(Bloomberg) — London-based asset manager Aviva Investors is tapping Australia’s pension funds to partner in private deals in the UK and Europe, as the surging pool of retirement savings lures more offshore suitors.
The firm, which manages 262 billion euros ($284 billion) of assets globally, has been talking to some funds about co-investments in logistics centers and residential developments, said Head of Real Asset Equity Specialists Tom Graham. They’re looking at a range of deal sizes up to A$1 billion, he said.
Aviva Investors, part of insurer Aviva Plc, is seeking to strengthen its existing ties with Australia’s A$3.7 trillion pension fund industry, which has added about A$1 trillion of assets since 2019. It’s part of the firm’s push to double its real assets portfolio, currently worth 48 billion euros, over the next five years.
“To do that, we need to be doing more at scale and naturally, globally,” London-based Graham, who met funds in Melbourne and Sydney last month, said in an interview. “There’s a finite audience that can really operate at that kind of scale.”
Some of Australia’s largest pension funds have already made big inroads into the UK and European markets. AustralianSuper, the nation’s top pension, recently pledged to pour more than 8 billion pounds into large-scale investments in UK over the next six years. Both that fund and Aware Super have London offices and are hiring to build them out.
Graham highlighted residential opportunities in Spain and the UK, where there was development potential due to housing shortages. Meanwhile, there were both investment and development opportunities in logistics properties across Europe due to undersupply in some areas, he said.

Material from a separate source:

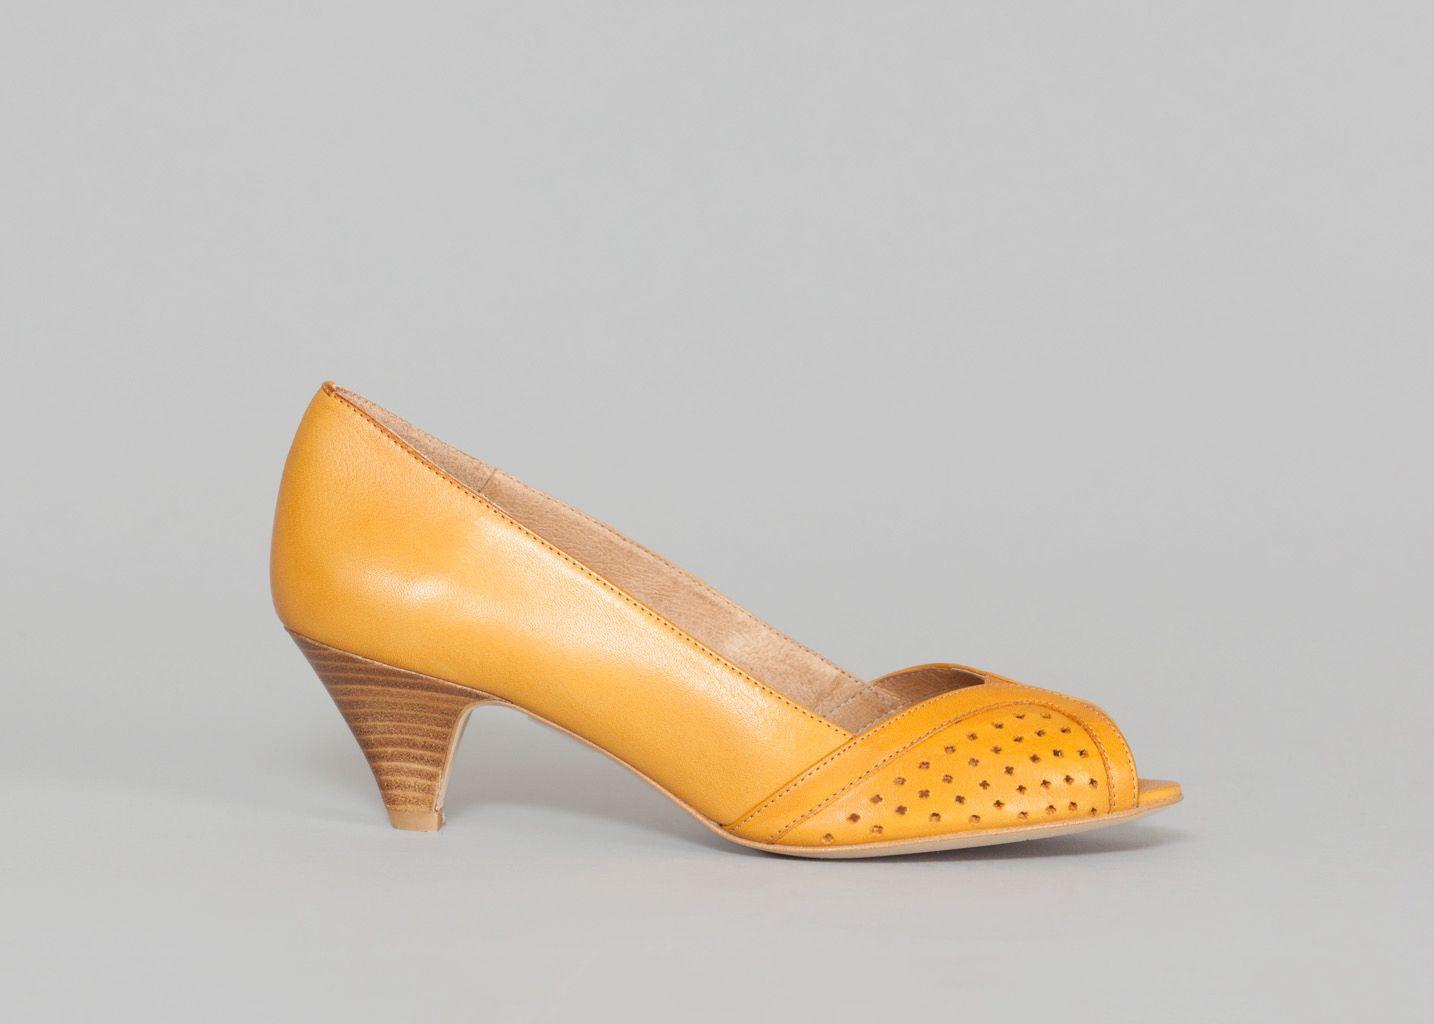 Totem sandales Chaussures Sess霉n Totem Sessun Papoose OwNZ8k0PnX

Australia’s pension funds were now seen as offering similar size and scale to their large Canadian and European peers, along with Middle East sovereign wealth funds, Graham said. Australian pension assets are forecast to more than triple to A$13.6 trillion by 2048, a Mercer report said this month.
UK pension funds have been under pressure to funnel more into investments into the UK. Graham said the UK system was still transitioning into a defined contribution system, where wages are set aside during employment. That meant the UK industry didn’t currently have the same scale of capital as Australia, said Graham.
“The hallmarks of our legal and tax systems are such that it’s an obvious place for a super fund looking to diversify away from Australia to put capital to work,” said Graham.